Ogi Overman on Ragsdale jersey retirements

Ragsdale retires 3 baseball jerseys
by Ogi Overman:Jamestown News
(This article was sent to us and we did not remove this from The Jamestown News. Thank-you Mr. Overman.)

It’s not exactly Fenway Park, but there is one aspect of Ragsdale High School’s baseball stadium that bears a strong resemblance to the famed Boston landmark. It adorns the left field fence instead of the right field façade at Fenway, and it contains only half as many symbols, but the symbolism and intended effect is identical.

On Tuesday, April 29 the Jamestown high school retired the numbers of three of its most celebrated baseball players — Chad Baker, Trevor Mullins and Ronnie Smith — and three baseball-shaped discs with their respective names and numbers will hang from the fence in perpetuity. The ceremony, which also recognized the club’s seven seniors, took place before Ragsdale’s game with Randleman. Officials in attendance included Guilford County Schools superintendent Maurice “Mo” Green and school principal Dr. Kathy Rogers. Master of ceremonies for the event was former Ragsdale All-State basketball player Jim Modlin.

As a freshman in 2001, Chad Baker gave a preview of things to come when he homered in his first game. The roundtripper sparked a seventh-inning rally that saw the team bat around. In that same inning Baker came up again, this time doubling in the game-winning run in a 7-6 win over Eastern Guilford. Many longtime observers point to that rally as the turning point that has made Ragsdale one of this decade’s 3-A powerhouses.

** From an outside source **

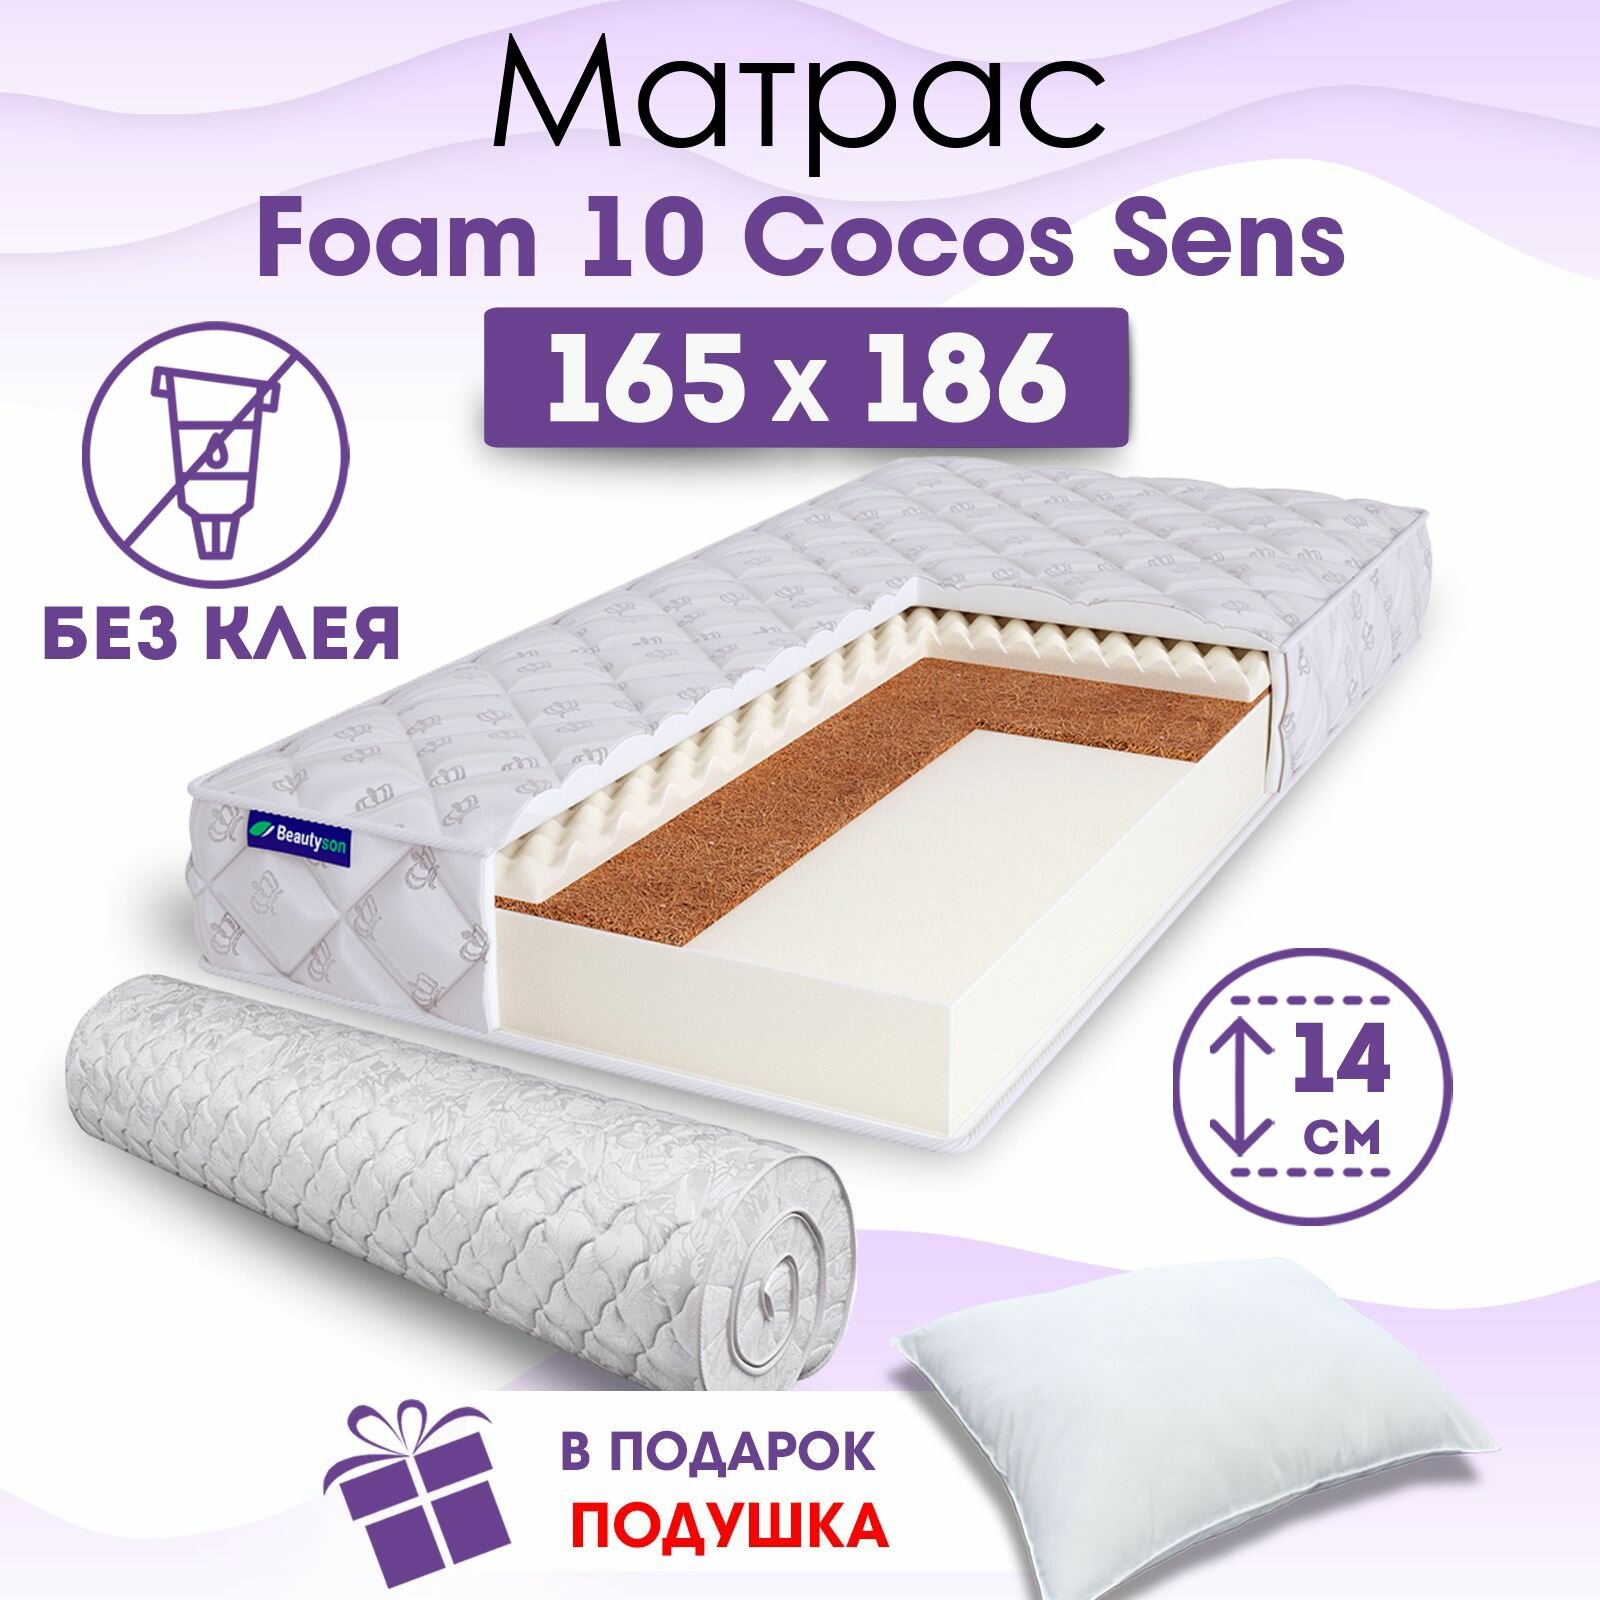 Ортопедический матрас Beautyson Foam 10 Cocos Sens без клея, 165х186, 14 см, беспружинный, двухспальный, на кровать, для дивана, умеренно мягкий

In his four-year prep career, Baker was the conference and team MVP three times, as well as an All-State and All-Area performer. He accepted a scholarship to Catawba College, and just as in high school, became a starter as a freshman. On a team that had three players drafted by the major leagues last year, the second baseman hit over .300 for his career with 20 homers.

Trevor Mullins is arguably the finest pitcher ever produced by Ragsdale. The right-hander was the state high school pitcher of the year in 2006, when he won 16 games and led the Tigers to the state championship finals, where they lost two games to one. That marked the second-highest total in state history, and his 30 career wins is a school record. Mullins was a three-time All-Conference selection as well as being both the Mid-Piedmont 3-A and Area Player of the Year.

After transferring from Appalachian State, Mullins followed his high school teammate Baker to Catawba, where he is a junior. A member of the starting rotation, currently he is 5-3 with a 3.75 ERA and 63 strikeouts in 61 innings. He tossed a complete-game three-hitter recently.

Ronnie Smith led Ragsdale to its first state title game, in the early 1970s, and in the process also became the school’s first All-State player. He played for the fabled 1971 Burtner Post 53 American Legion team, and after a stellar career at High Point College (now University), the right-fielder with a cannon for a right arm went into coaching. He began as a baseball coach at High Point Central, moving to Southeast Guilford and finally to his alma mater as an assistant football coach and head track coach.

Smith died August 31, 2007 of a rare form of muscle cancer at age 53. But the much-loved coach’s memory lives on with a golf tournament and track meet that bears his name, and now another fitting tribute.

Ironically, both Smith and Baker wore No. 1, and Mullins wore No. 12. But no one at Ragsdale will ever wear either of them again.